He turned to the kitchen. Willow always needed a hand. And she might have a better idea for getting chocolate pudding out of sheets.
/
Kurt drew Keith aside. Keith looked at the painting hanging on the otherwise bare wall in the ballroom. “I appreciate the work, but…”
Kurt nodded. This was the painting Peregrine said he’d finish when he got back from California: Olivia’s dream of flying over a field of flowers. “I think he plans on one for each of them. I saw sketches of Willow and Liam in his notebook.”
Hunter peeked into the room. Kurt gestured him near. He came forward slowly and then rushed the last few feet and squeezed Kurt for just a moment before stepping back. Kurt patted his shoulder. “What do you want in your picture?”
Hunter stepped over and leaned against Keith. “I have everything I want right now.”
Keith ruffled his hair and he looked up at his new dad with a grin. Keith’s family had done wonders for shy little Hunter. But he could only help so many. “How far apart do you space new kids?”
Keith grinned. “Do you have some more for me?”
“Who?” Hunter bounced.
“I promised Tyler that I’d ask about Dakota.”

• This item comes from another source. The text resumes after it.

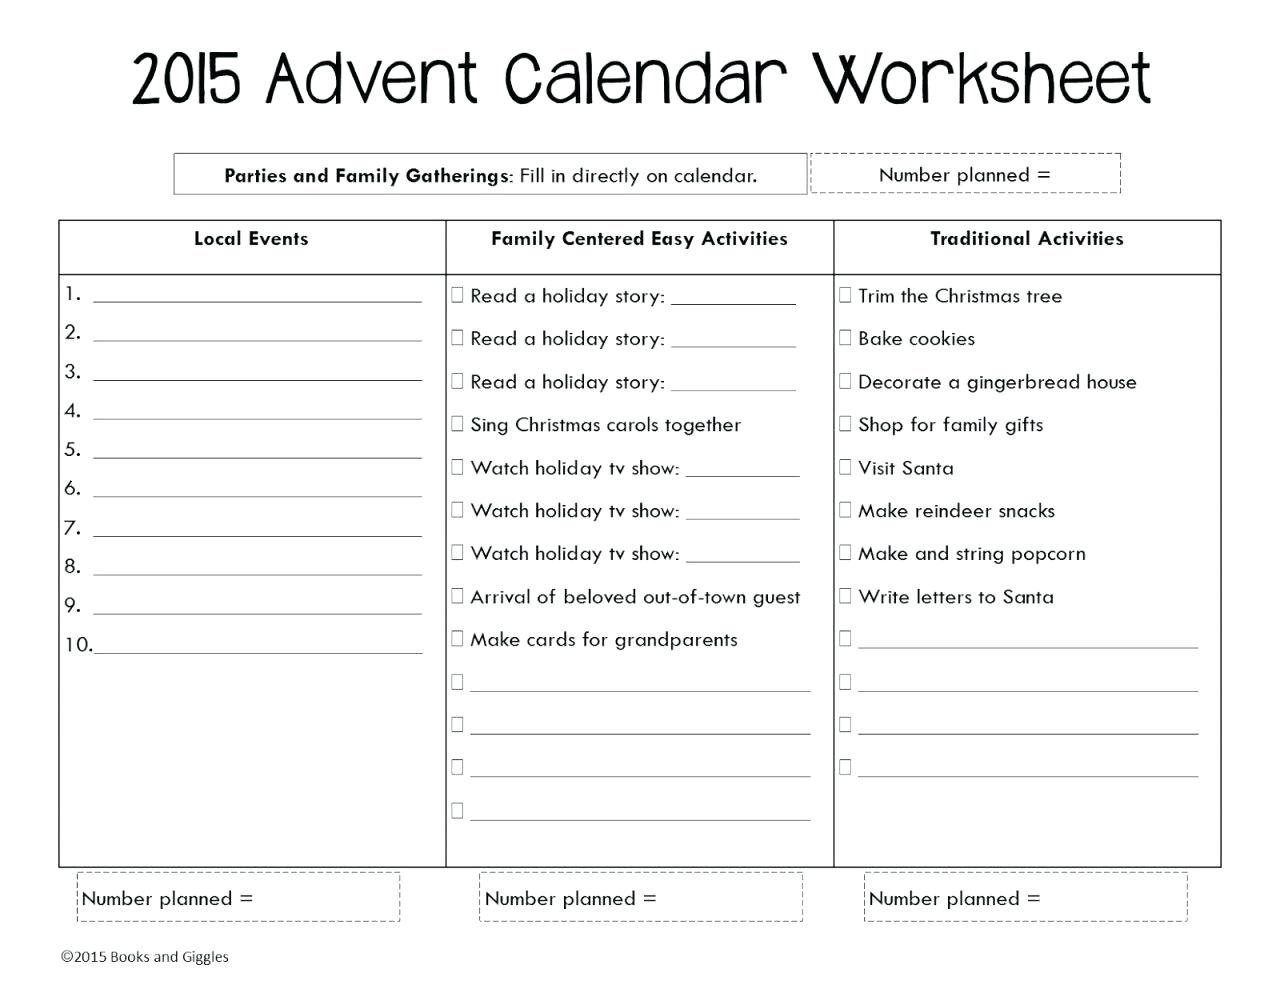 calendar-skills-worksheets-mrpageco-db-excel
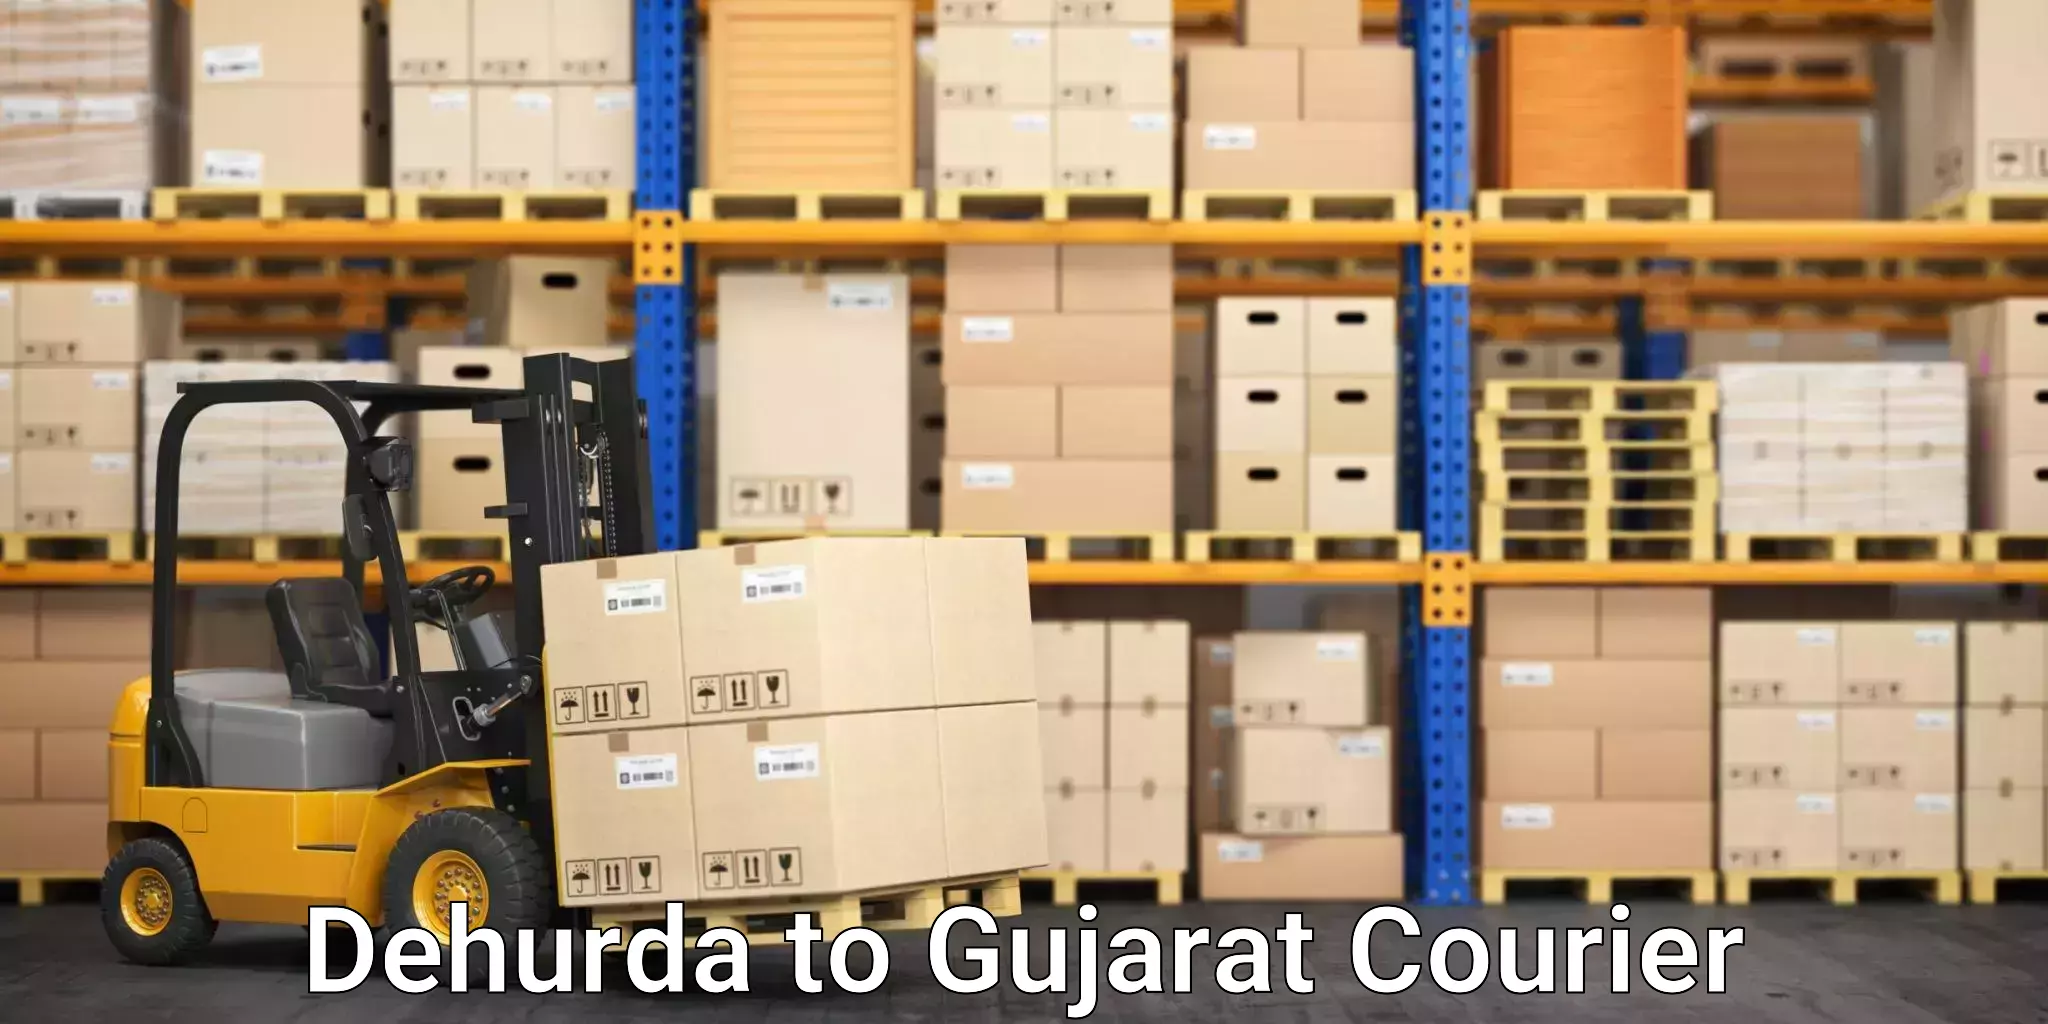 24-hour courier service Dehurda to Mendarda

Hunter nodded. “Dakota is really smart. He was going to a private school and got early accepted to Harvard last year. That’s a good school, isn’t it? But then he told his parents he wasn’t all a boy and he needed to wear girl clothes and grow his hair out to be himself. His parent’s kicked him out over the summer and they said he couldn’t come home until he agreed to be all boy all the time, which he isn’t so he can’t.”
Keith rubbed Hunter’s arm. “And you wouldn’t mind Dakota living with us?”
Hunter shook his head.
Keith looked out to doorway. “But if Dakota has parents, adoption might be difficult.”
Kurt nodded. “But you haven’t adopted Willow and she still lives here, right?”
Keith nodded. “Willow was emancipated. Time to call my lawyer again. Maybe a judge can be convinced to make me legal guardian if I put Dakota back in school.”
Hunter frowned. “But Dakota didn’t used to be his name.”
“But, my boy,” Keith patted Hunter’s back. “That’s what lawyers are for. I’ll let her wrangle it out and I’ll just sign on the dotted line and promised to treat you kids right.”
Kurt grinned. “Which you would anyway.”
Keith smiled down at his newest son. “I sure hope I do.”
“Dad.” Hunter squeezed Keith in a hug. “You’re the best.”
Keith watched Hunter run out of the room and sighed. “When the kids open up like that, I sure feel like I’m doing the right thing.”
Kurt patted Keith’s back. “You are.”
He still had to mention Tyler, but that could wait until after dinner. The steaks smelled like heaven.
/
Peregrine closed his eyes in the backseat. Kurt and Emil were talking about how Keith chooses the children he took in and how many would fit in his house and how much more fun Christmas would be with more people.
In Peregrine’s opinion, Keith took in every child brought to his attention. Dakota would be better off in a household that didn’t hold him back scholastically, like the shelter couldn’t help but do, or mentally and emotionally, like his natural family seem to have done. If he survived best as androgynous, that’s how he should be, and he should be where he didn’t just survive, but thrive.
Dakota would be better off with Keith, perhaps best off. The bigger question was how he got to the top of the shelter waiting list if his parents only threw him out four months ago. Maybe like JJ and Hunter, he’d gotten on the list at the exact right moment.
That was the kind of luck necessary for a homeless youth to make his way in the world. And luckily Dakota wouldn’t have to do that alone.
Kurt drove in silence for a while and then asked Emil why tonight Willow giggled every time she looked at him. Emil confessed to asking about chocolate pudding. “I knew she’d know the answer and she did. Soaking them was the right thing. She just thinks it’s funny we slept in them. She imagined you two were too fastidious for that.”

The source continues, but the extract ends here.